Поэтому мы договорились с ними, чтобы они взяли туда моего ребёнка по большому счёту для того, чтобы реабилитировать его и дать ему возможность понять, что школа — это всё-таки не только про то, что тебя будут там скотчем к стулу привязывать, у него была ужасная история первые два класса. И в Открытой школе с этим совершенно точно успешно справились. Мы с ними договорились, что мне нужно хотя бы два года для того, чтобы свою структуру создать, если я не найду ничего больше.

Наша школа началась с шести учеников в 2018 году. Среди них не было обычных детей, все дети с особенностями.

Но моя идея всегда была в том, чтобы дети учились вместе, и чтобы школа не была никакая особенная.
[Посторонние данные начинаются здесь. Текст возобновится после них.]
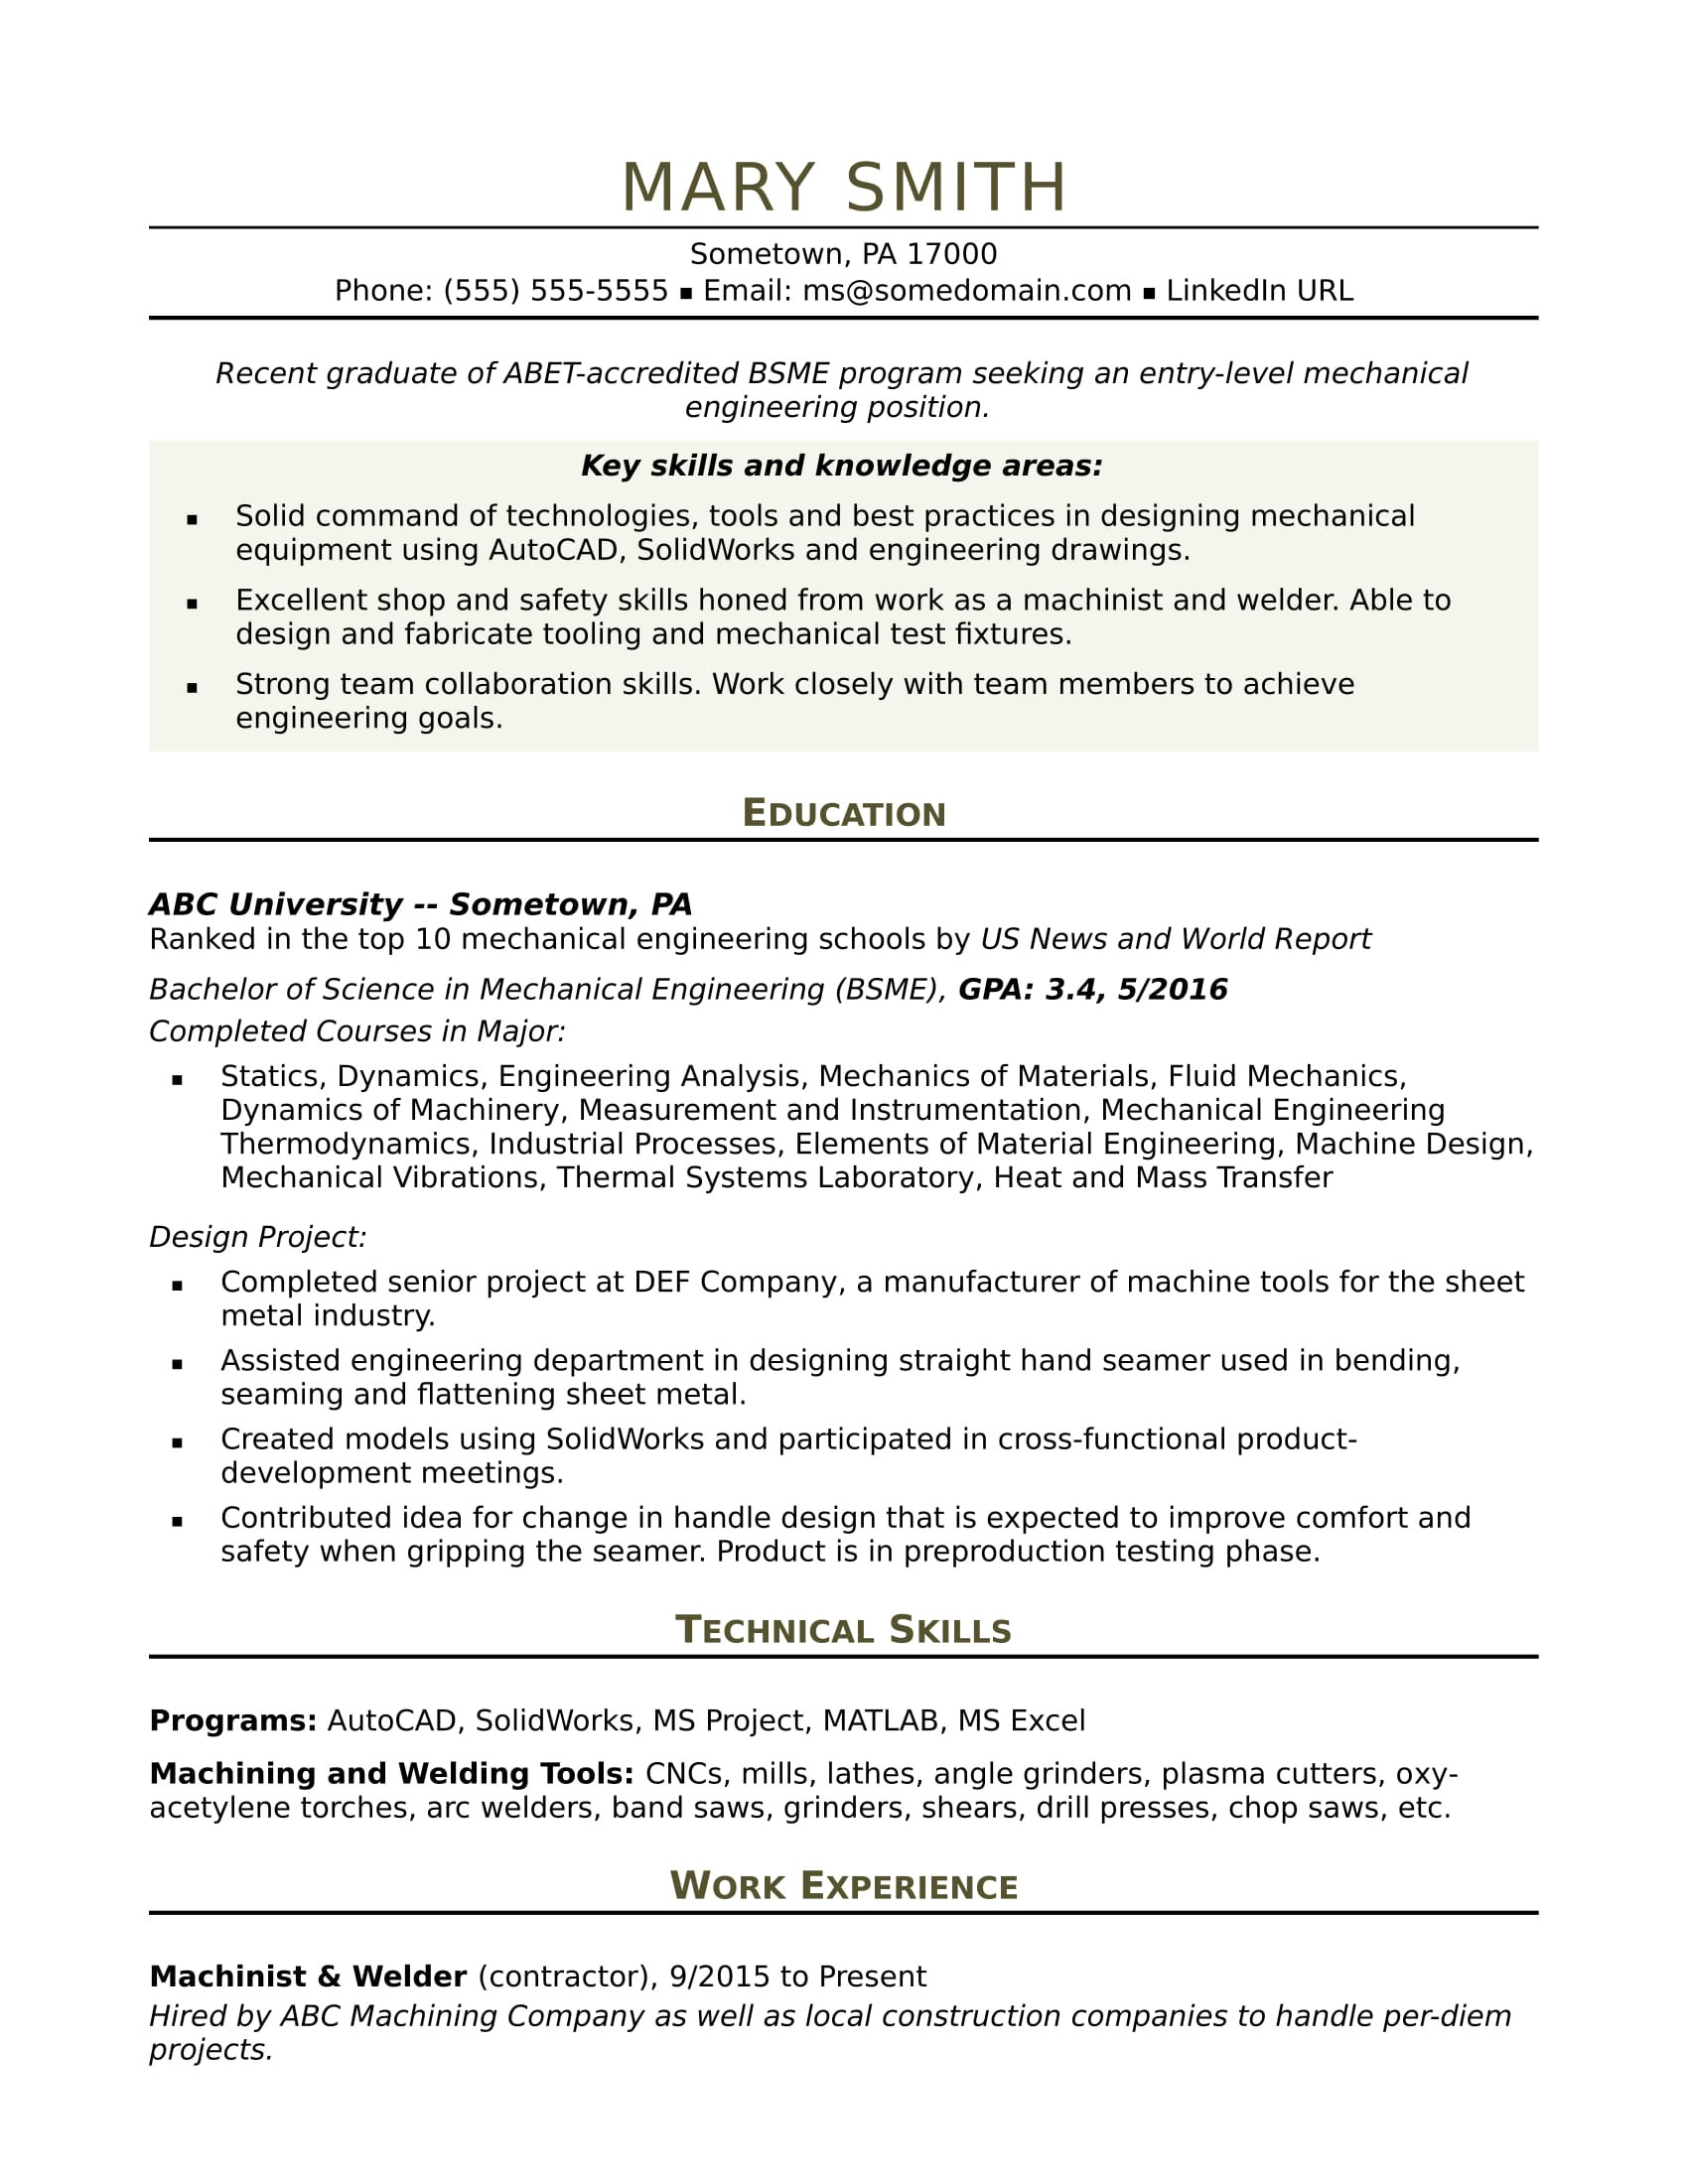 Sample Resume Objective Statements for Material Science Graduate Student Mechanical Engineer Resume: Entry-level Monster.com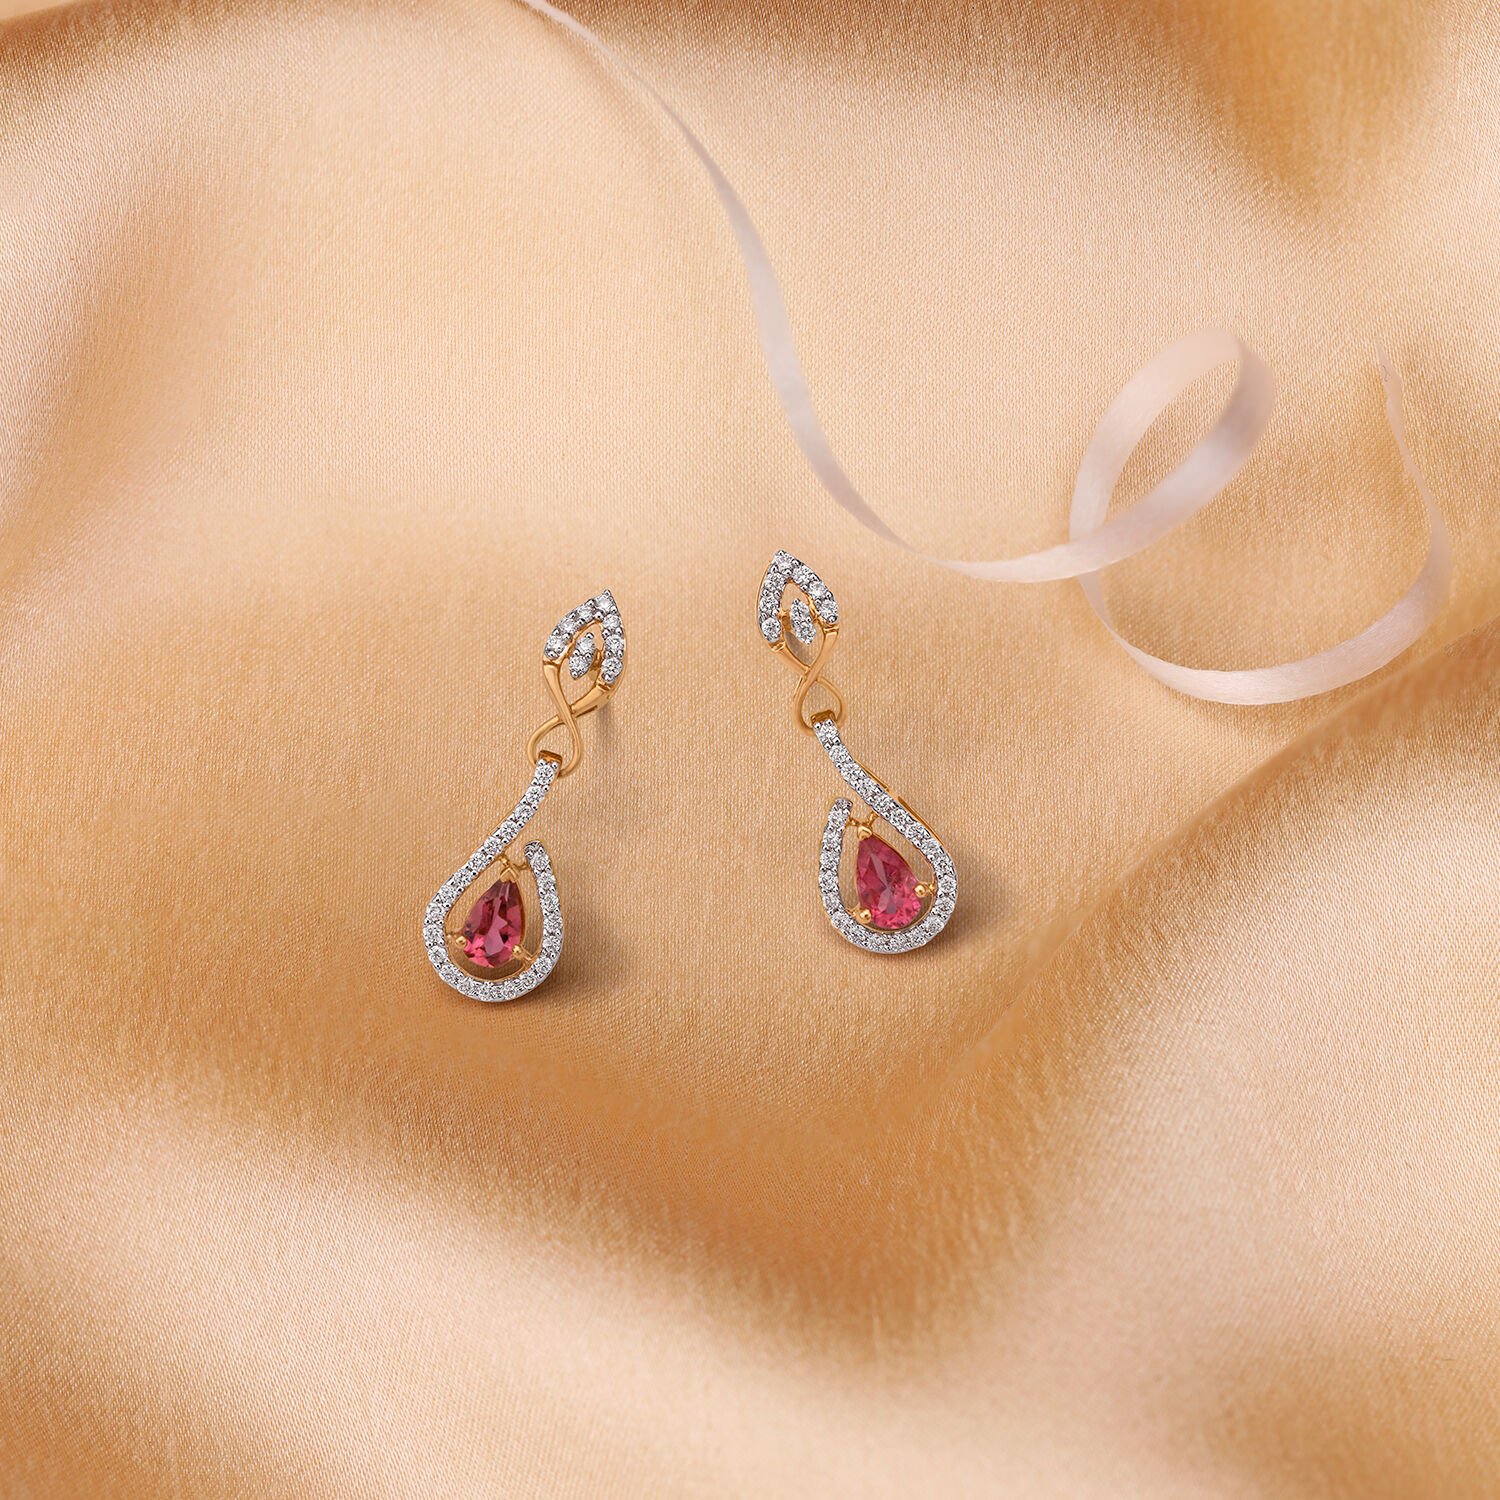 Enticing Diamond and Gold Drop Earrings

Мы однажды к этому придём, просто это очень длинный процесс, особенность нашей школы — в неформальном образовании и в атмосфере. То, что мы сочетаем внутри себя детей с особенностями и без — на самом деле и так право каждого ребенка по законодательству Эстонии. Просто оно не работает в муниципальной школе. Поскольку меня это через мою семью очень лично коснулось, я это реализовала.

Началось все с шести человек, а как развивалось дальше?

В следующем году 1 сентября было уже 32 ребёнка. И из них уже, наверное, человек восемь-девять были обычные, нормотипичные. В следующем году было ровно 60.

Сейчас 158 детей, и примерно 55% — это обычные дети. Во-первых, мы обязательно набираем первый класс в параллель один обычный, а во-вторых — подросткового возраста очень много ребят приходит. У них нет сложностей в обучении, но есть проблемы с буллингом, и ещё какие-то подростковые сложности.

Одна из задач школы — чтобы эти дети между собой учились экологично коммуницировать, особенные и „обычные“?

Мне кажется, что в 80% случаев можно говорить о том, что у детей вопросов, как коммуницировать с каким-то ребёнком, который на меня не похож, вообще не встаёт. Они подходят и спрашивают, а почему у него так, ты отвечаешь, почему, и всё. Вопросы больше возникают у взрослых.

То есть, проблем с буллингом не возникало?

Возникают, разумеется, у нас же живые дети, просто буллинг не на эту тему. „Кто-то отбил у меня девчонку“,“кто-то что-то не так сказал“, это обычный процесс. Я, конечно, не хочу сказать, что это здоровый процесс, но к нам многие дети приходят не с первого класса учиться, и у каждого уже есть большой багаж своих историй. С этим довольно сложно работать, не так, как если работать на превенцию. Так что проблема есть, просто суть буллинга не в том, что ты особенный или не особенный. Это другие, бытовые темы.

Когда создавалась школа, это была своего рода незакрытая ниша? Как вообще было в Таллинне, в Эстонии с пространством для особых людей?

Многие в Эстонии, кто занимается людьми с особенностями любого возраста, говорят о том, что есть нормотипичный человек и есть человек с тяжёлыми формами инвалидности. В основном всё делается для первых и для вторых.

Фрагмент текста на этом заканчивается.